A reasonable hypothesis is that teams might "regress to the mean" from season to season. That is, the good teams probably won't be as good the next season, and the bad teams probably won't be as bad. This will be wrong for some teams -- there will be above-average teams that get even better, and below-average teams that get even worse -- but overall it might be a reasonable approach.
It isn't immediately clear, though, how to regress the prediction data for teams back to the mean. For something like the RPI, we could calculate the average RPI for the previous season and push team RPIs back towards that number. But for more complicated measures that may not be easy. And even for the RPI, it isn't clear that this simplistic approach would be correct. Because RPI depends upon the strength of your opponents, it might be that a team with an above-average RPI who played a lot of below-average RPI teams would actually increase its RPI because we would be pushing the RPIs of the its opponents up towards the mean.
A more promising (perhaps) approach is to regress the underlying game data rather than trying to regress the derived values like RPI. So we can use the previous season's data, but in each game we'll first reduce the score of the winning team and raise the score of the losing team. This will reduce the value of wins and the reduce the cost of losses, which should have the effect of pulling all teams back to the mean.
The table below shows the performance when scores were modified by 1%:
| Predictor | % Correct | MOV Error |
|---|---|---|
| Early Season w/ History | 75.5% | 12.18 |
| Early Season w/ Modified History | 71.7% | 13.49 |
Clearly not an improvement, and also a much bigger effect than I had expected. After all, 1% changes most scores by less than 1 point. (Yes, my predictor is perfectly happy with an 81.7 to 42.3 game score :-) So why does the predicted score change by enough to add 1+ points of error?
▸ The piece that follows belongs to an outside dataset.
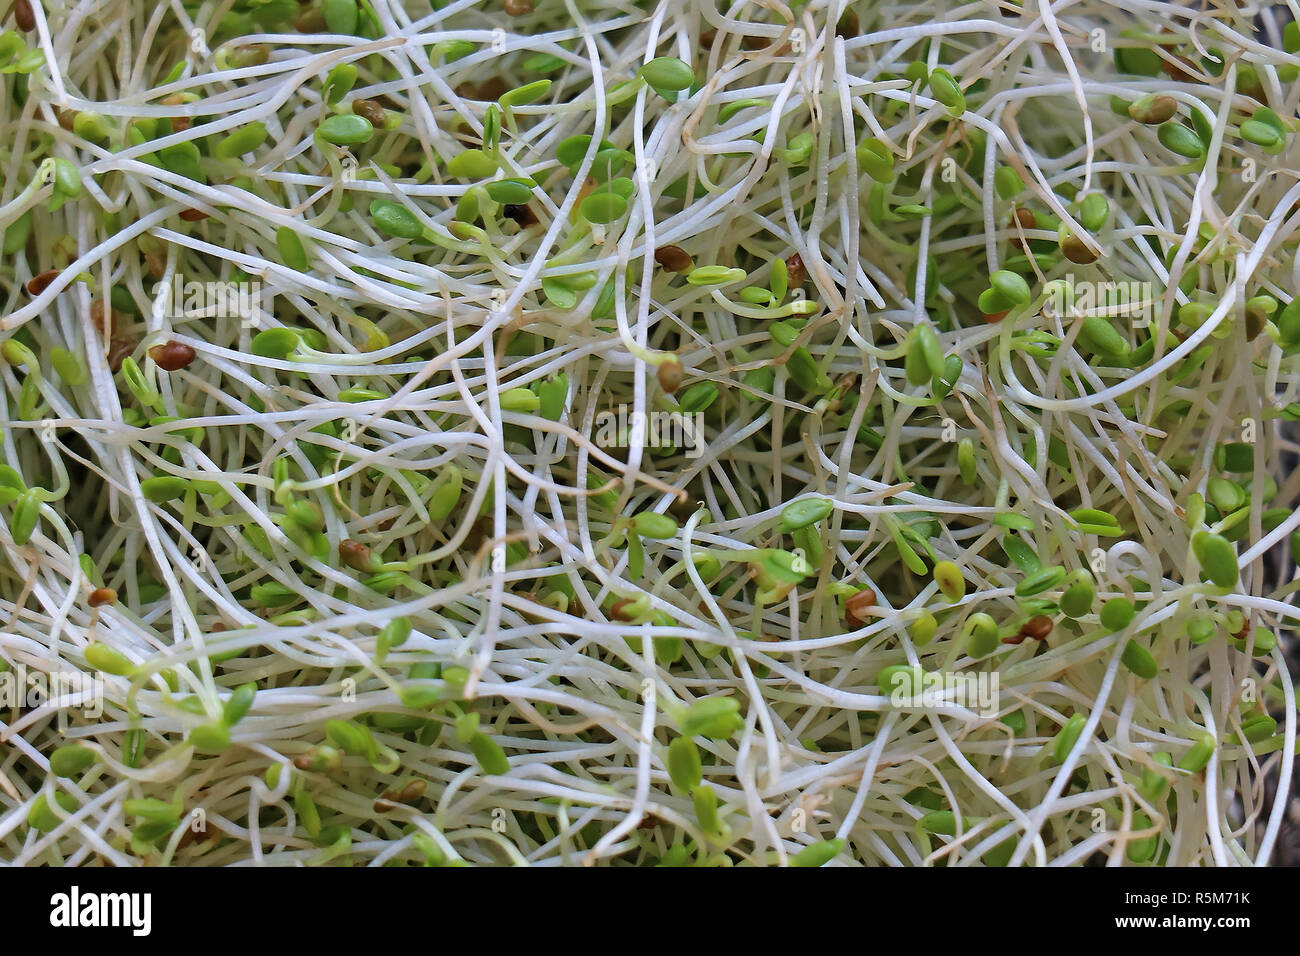 Organic alfalfa sprouts flowering plant in legume family pile background Stock Photo

Looking at the model produced by the linear regression, this out-sized response seems to be caused by a few inputs with large coefficients. For example, the home team's average MOV has a coefficient of about 3000 in the model. So changes like this scoring tweak that affect MOV can have an outsized impact on the model's outputs.
With that understood, we can try dialing the tweak back by an order of magnitude and modify scores by 0.1%:
| Predictor | % Correct | MOV Error |
|---|---|---|
| Early Season w/ History | 75.5% | 12.18 |
| Early Season w/ Modified History (0.1%) | 74.8% | 12.15 |
This does slightly improve our MOV error. Some experimenting suggests that the 0.1% is about the best we can do with this approach. The gains over just using the straight previous season history are minimal.
Some other possibilities suggest themselves, and I intend to look at them as time permits.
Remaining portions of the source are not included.